Date of Award
2023
Document Type
Open Access Master's Thesis
Degree Name
Master of Science in Mechanical Engineering (MS)
Administrative Home Department
Department of Mechanical Engineering-Engineering Mechanics
Advisor 1
Gordon Parker
Committee Member 1
Jason Blough
Committee Member 2
Shangyan Zou
Abstract
Equipment whose performance degrades when exposed to base vibration is often deployed in vibration-rich environments. Using 3D printers in mobile applications, such as vehicles and ships, are typical examples where the extruder and bedplate are easily excited by base vibration. A versatile active vibration isolator is considered in this thesis constructed using a voice coil actuator and a laser displacement feedback sensor to achieve a wide range of dynamic response characteristics, including negative stiffness.
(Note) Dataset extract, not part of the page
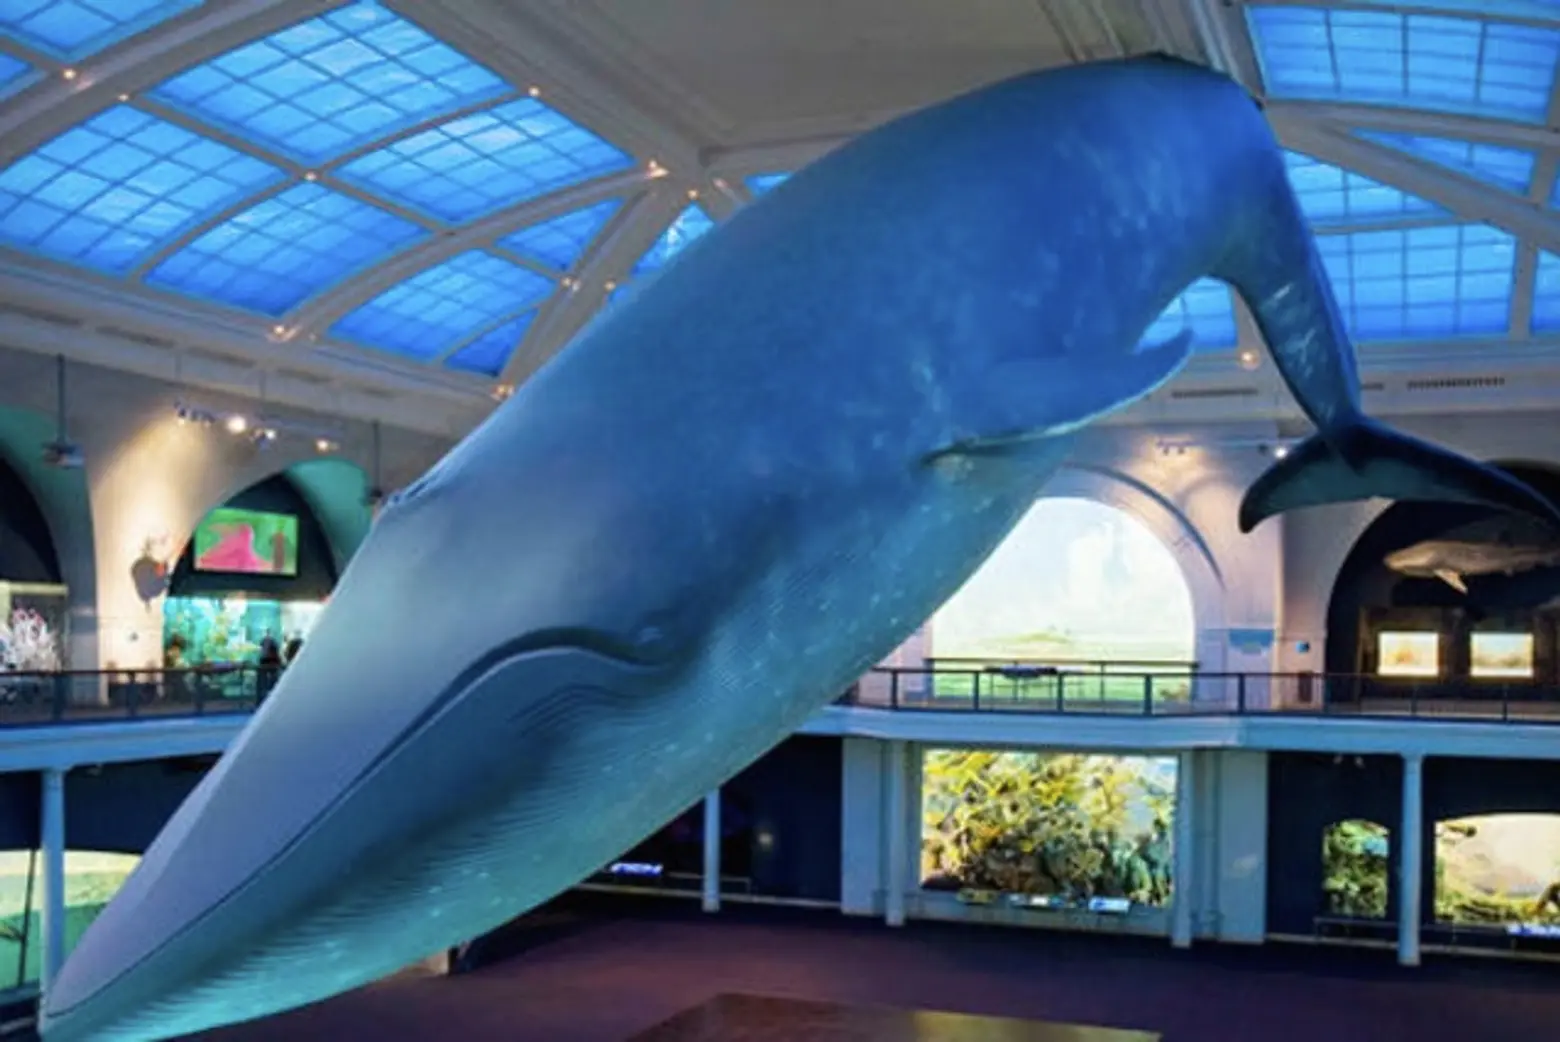 Your Daily Link Fix: No More Crumbs; A Blue Whale Gets a Bath

This approach permits transmissibility shaping to meet band-limited base isolation requirements without active damping vibration control. A combination of simulation and hardware validation is used to illustrate the approach, including a detailed calibration process for its voice coil as a control actuator. A 3D printer, mounted to a shaker, is used for final performance evaluation. A negative stiffness control strategy was implemented to shift the isolator’s resonance away from the excitation band. Part quality, measured by surface roughness, increased by 27.8% at the printer’s resonance of 4.75 Hz when using the negative stiffness control strategy. Since the system uses an active approach to modify the isolator’s dynamics, a wide range of isolator designs can be achieved besides negative stiffness. While the active isolator can be used for fielded applications, it’s perhaps more helpful for efficiently assessing competing passive isolator designs before creating prototypes.
Recommended Citation
Schloemp, Lucas M., "AN ACTIVE VOICE COIL NEGATIVE STIFFNESS VIBRATION ISOLATOR WITH APPLICATION TO MOBILE 3D PRINTING", Open Access Master's Thesis, Michigan Technological University, 2023.